Message: Posted by: KingStardog (Aug 26, 2004 02:45PM)
You can see the book here although you can find it cheaper elswhere. These are merely posted to show folks the ones to look for.


There are some very nice pocket sized casino grade Chuck dice though. The last gasp of the tin horn gamblers.

Sorry, the Osborne book is last at the bottom.
Message: Posted by: Darwin Ortiz (Aug 26, 2004 04:38PM)
On 2004-08-26 14:42, whithaydn wrote:
Actually, there are lots of uses for extra peas.[/quote]

As you mentioned, the use of multiple peas is an old and widespread idea among hustlers. When I was a kid, the "pea" was often a spitball (a wadded up bit of newspaper held together by saliva).
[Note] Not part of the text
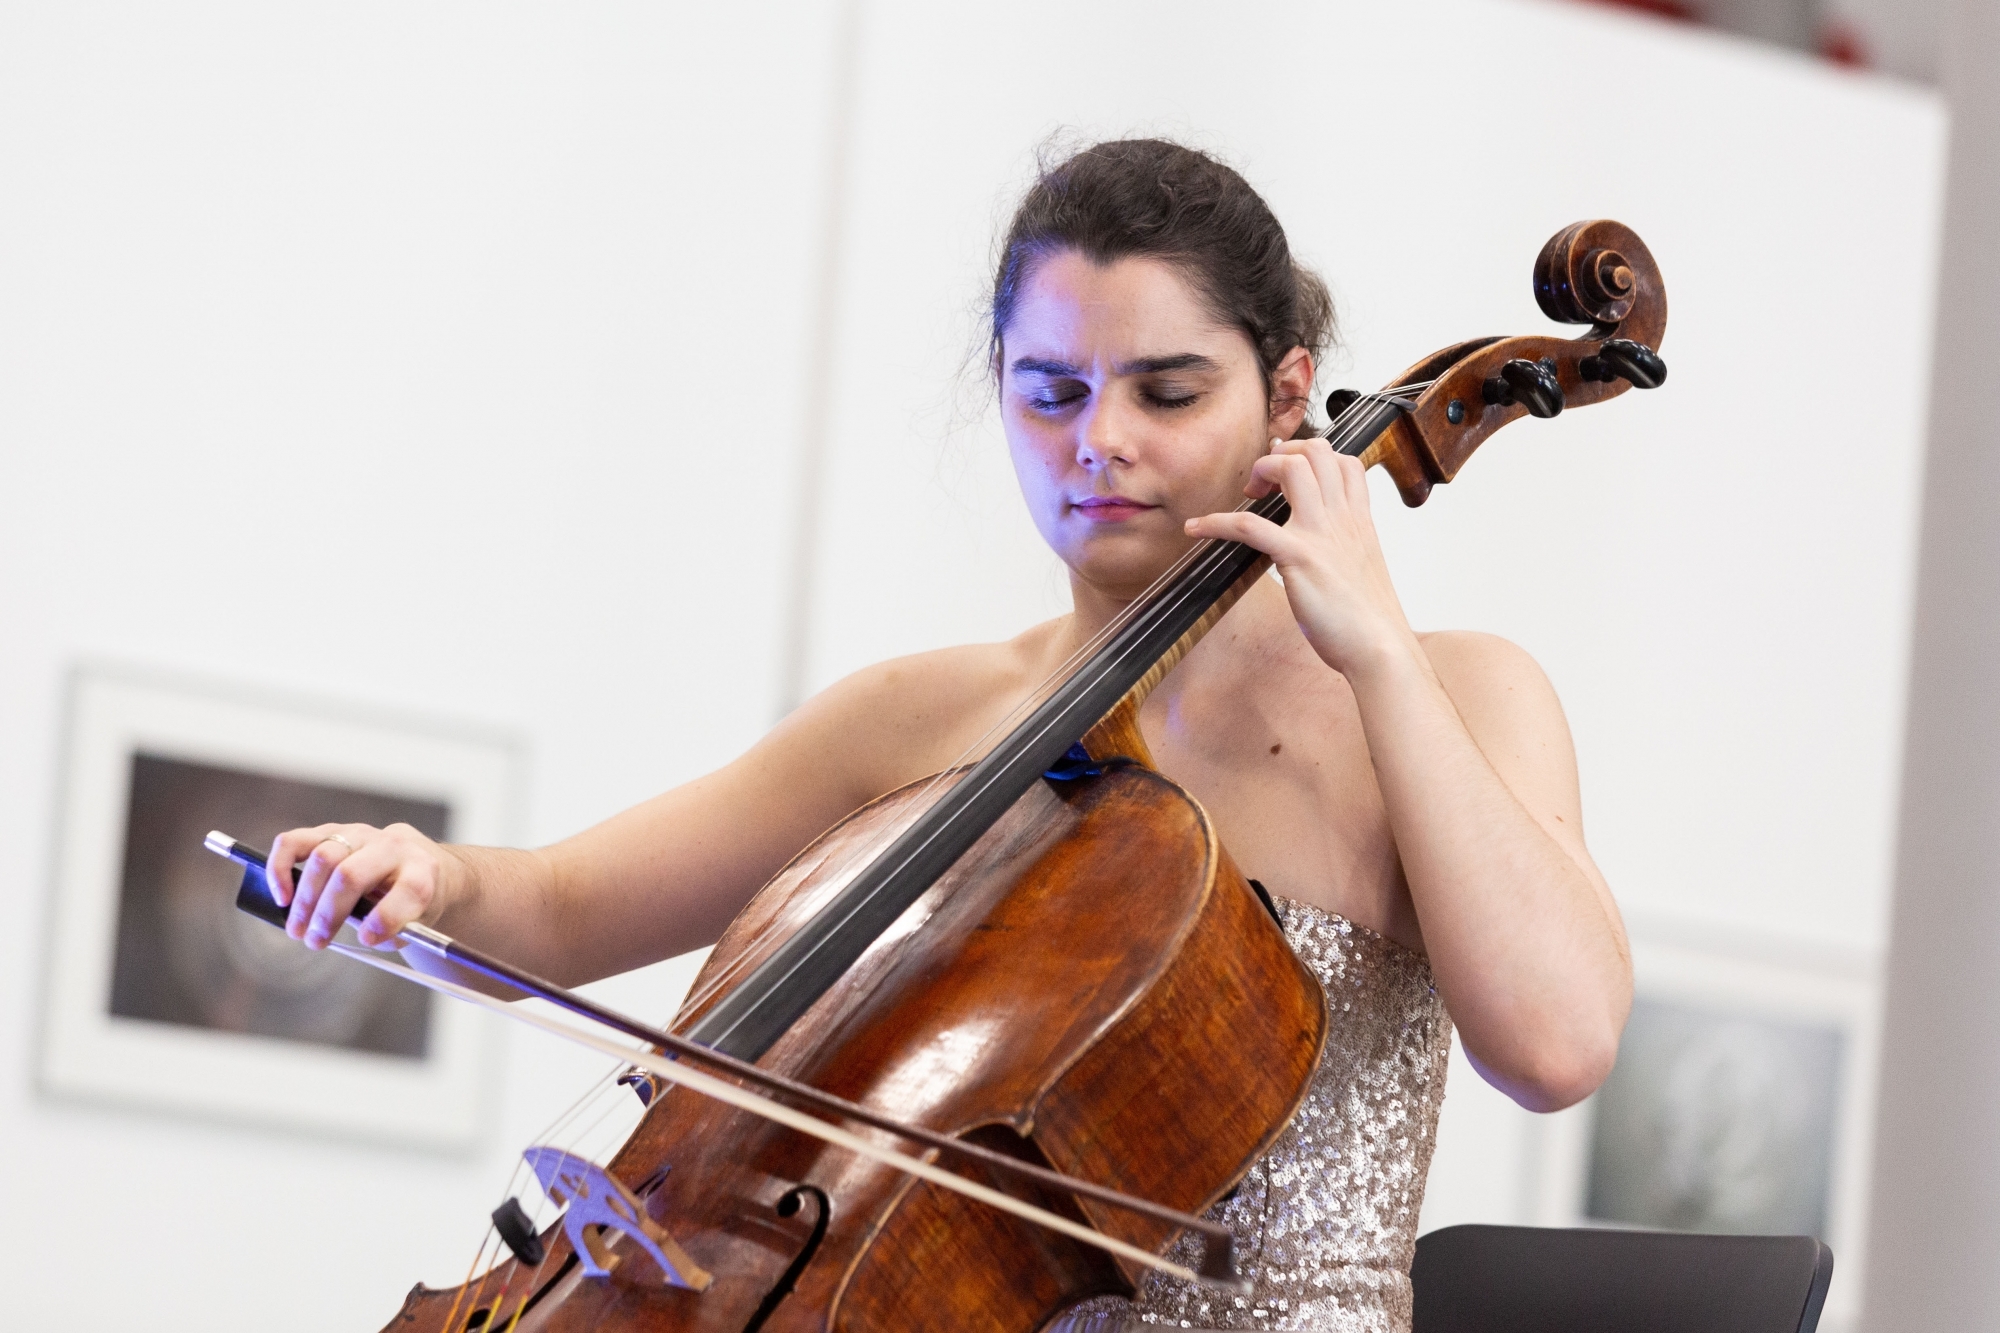 La violoncelliste Estelle Revaz avait donné l'impulsion pour mettre sur pied cette série de concerts de l'avent, qui sont malheureusement annulés.

As soon as the hustler stole it out he would drop it on the sidewalk. He would then flash his empty hands as he asked the mark to bet. As the sucker turned over the shell, the hustler would steal another spitball and load it under one of the two remaining shells as he turned them over.

I realize that you know this, of course. I mention it only as a prelude to describing an idea of my own. I thought of this years ago and have never seen anyone use it. The idea would be for one of the [i]sticks[/i] to have a duplicate pea palmed.

The play would be as follows. The hustler steals out the pea and asks the mark to bet. As soon as the sucker turns over his choice, the stick reaches over and loads the pea under one of the other shells and reveals it while saying something along the lines of, “Are you blind, man? It’s over here.”

I certainly wouldn’t be surprised if this has occurred to others. Anyway, I think it could be a strong play.

I agree with you about the inadvisability of ending a routine by producing three peas. It reminds me of any idea that appeared in a three-card monte manuscript marketed a couple of years ago. The routine climaxed with the three cards being turned over to show that all three were losers. The winning card had vanished. Of course, this would fool the audience. But it would also confirm their suspicions and thereby undercut everything that came before.